Amidst a backdrop of sluggish economic growth and political turnover, legislators in Thailand recently passed the 2026 budget, giving us a window into the country’s fiscal condition and how it plans to try and revive growth in the year ahead. At 3.8 trillion baht (roughly $116 billion), spending is set to increase 0.7 percent compared to the previous budget of 3.75 trillion. The plan includes stimulus measures, but they are notably scaled back compared to recent years.
As with any budget analysis, we start with the overall economic picture. Since the COVID-19 pandemic, Thailand has been battered by economic headwinds, including rising geopolitical and trade tensions. The economy expanded by around 2.5 percent in 2024, and that figure is expected to fall further to 2.2 percent in 2025. This means despite big injections of cash through the digital wallet scheme, growth is continuing to slow as global economic conditions become more challenging. It’s a far cry from 2017 and 2018, when the economy was growing more than 4 percent a year.
There’s no big mystery here. Thailand successfully built itself into a regional export powerhouse, which means economic activity has for many years been based around exporting surplus production and services like tourism. But the current state of the global economy, rife with protectionism, economic nationalism, and a wildly unpredictable United States, is an unfriendly environment for net exporters like Thailand. Tourism remains below its pre-pandemic peak, and inbound arrivals may be lower this year than last year.
To compensate for slowing growth, and the weak recovery in exports, the government has had to run large fiscal deficits ever since the pandemic. Some countries in the region, like Singapore and Malaysia, have been narrowing or eliminating their deficits. Others, like Indonesia and the Philippines, continue to run deficits but have higher growth rates, which places less strain on the government’s fiscal capacity.
In Thailand, the 2026 budget envisions a deficit of 860 billion baht ($26 billion), about 4.3 percent of GDP. This is based on optimistic projections that the economy will grow between 2.3 and 3.3 percent in 2026. The Asian Development Bank recently estimated that Thailand’s economic growth would come in much lower than that, at 1.6 percent in 2026. Whatever the final number is, it seems likely that deficits will remain a key feature of Thailand’s fiscal reality for a while.

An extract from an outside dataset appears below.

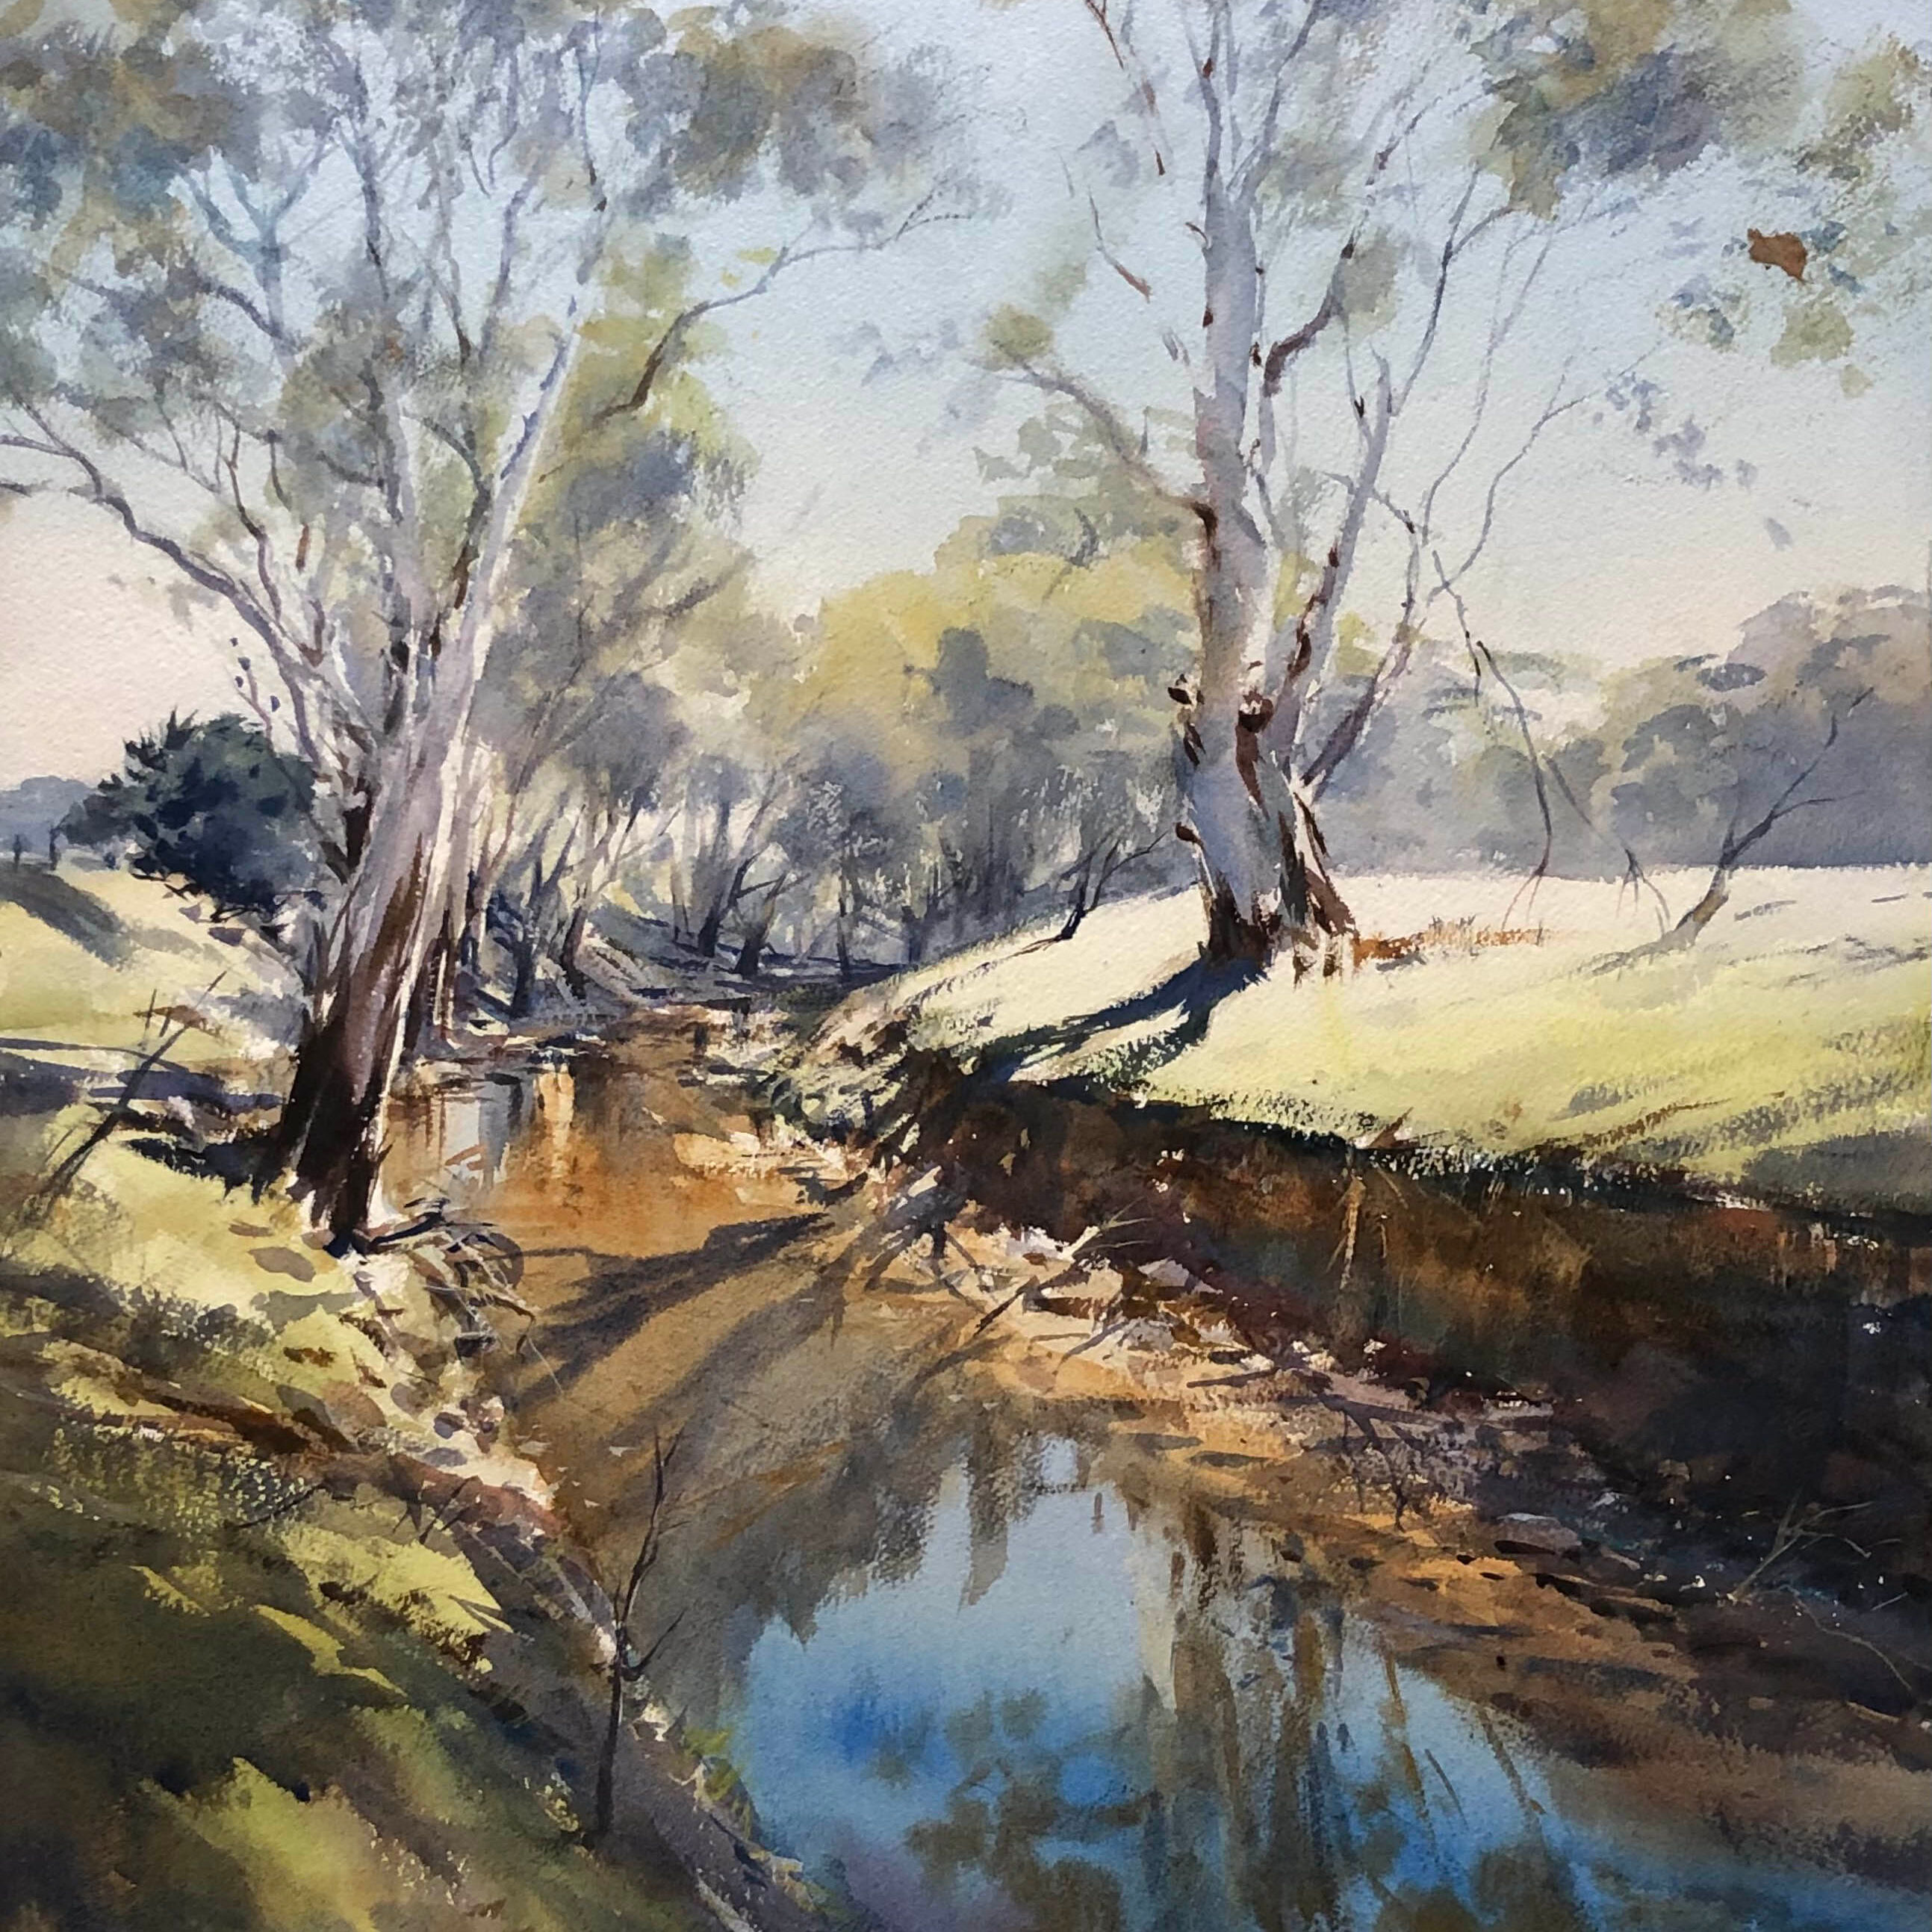 Sun after Frost Bang bang creek By David Taylor A.W.I.F.V.A.S Size 99 cm x 82 cm $4,000

What are the spending priorities for 2026? Based on preliminary spending reports, it seems that from last year’s appropriated budget of 3.75 trillion, only 90 percent was actually spent in the 2025 fiscal year. The majority of this surplus was realized from the Central Fund, a large spending pot under the control of the prime minister. Much of this savings comes from the government’s decision to cancel the final phase of the digital wallet program earlier this year. The unused funds will reportedly be rolled over to help fund more targeted economic stimulus measures in 2026.
These include an injection of capital for state-owned Bank for Agriculture and Agricultural Co-operatives, and funds for millions of welfare card holders. This is intended to cushion the impact of rising living costs, and offer debt relief for cash-strapped borrowers. The idea is that consumers need to spend more to offset weak exports, and subsidies and debt relief will help with this. Many analysts previously noted that targeted policies like these would probably be a more effective way to do stimulus than the digital wallet, which sacrificed precision for scale.
Of course, Thailand moved forward with the digital wallet anyway and the state now finds its fiscal capacity under some pressure. As a result, the size of these new measures is relatively modest. The budget for the subsidy scheme is reportedly 62 billion baht or roughly $2 billion. This will help, but with an economy the size of Thailand’s, it’s unlikely to be a decisive course corrector. For now, Thailand’s economic and fiscal realities are forcing the government into something of a holding pattern, doing their best to pump more targeted stimulus into the economy while borrowing to cover deficits.
If things continue like this, the government may begin contemplating spending cuts. This would of course be unpopular, and infighting among Thailand’s political class makes crafting an effective response even more difficult at a time when strong leadership and good policies are most needed. The alternative is to continue treading water in the hope that conditions in the global economy will ease, and exports will recover. If that is the plan, I would merely note that Donald Trump still has three years left in office.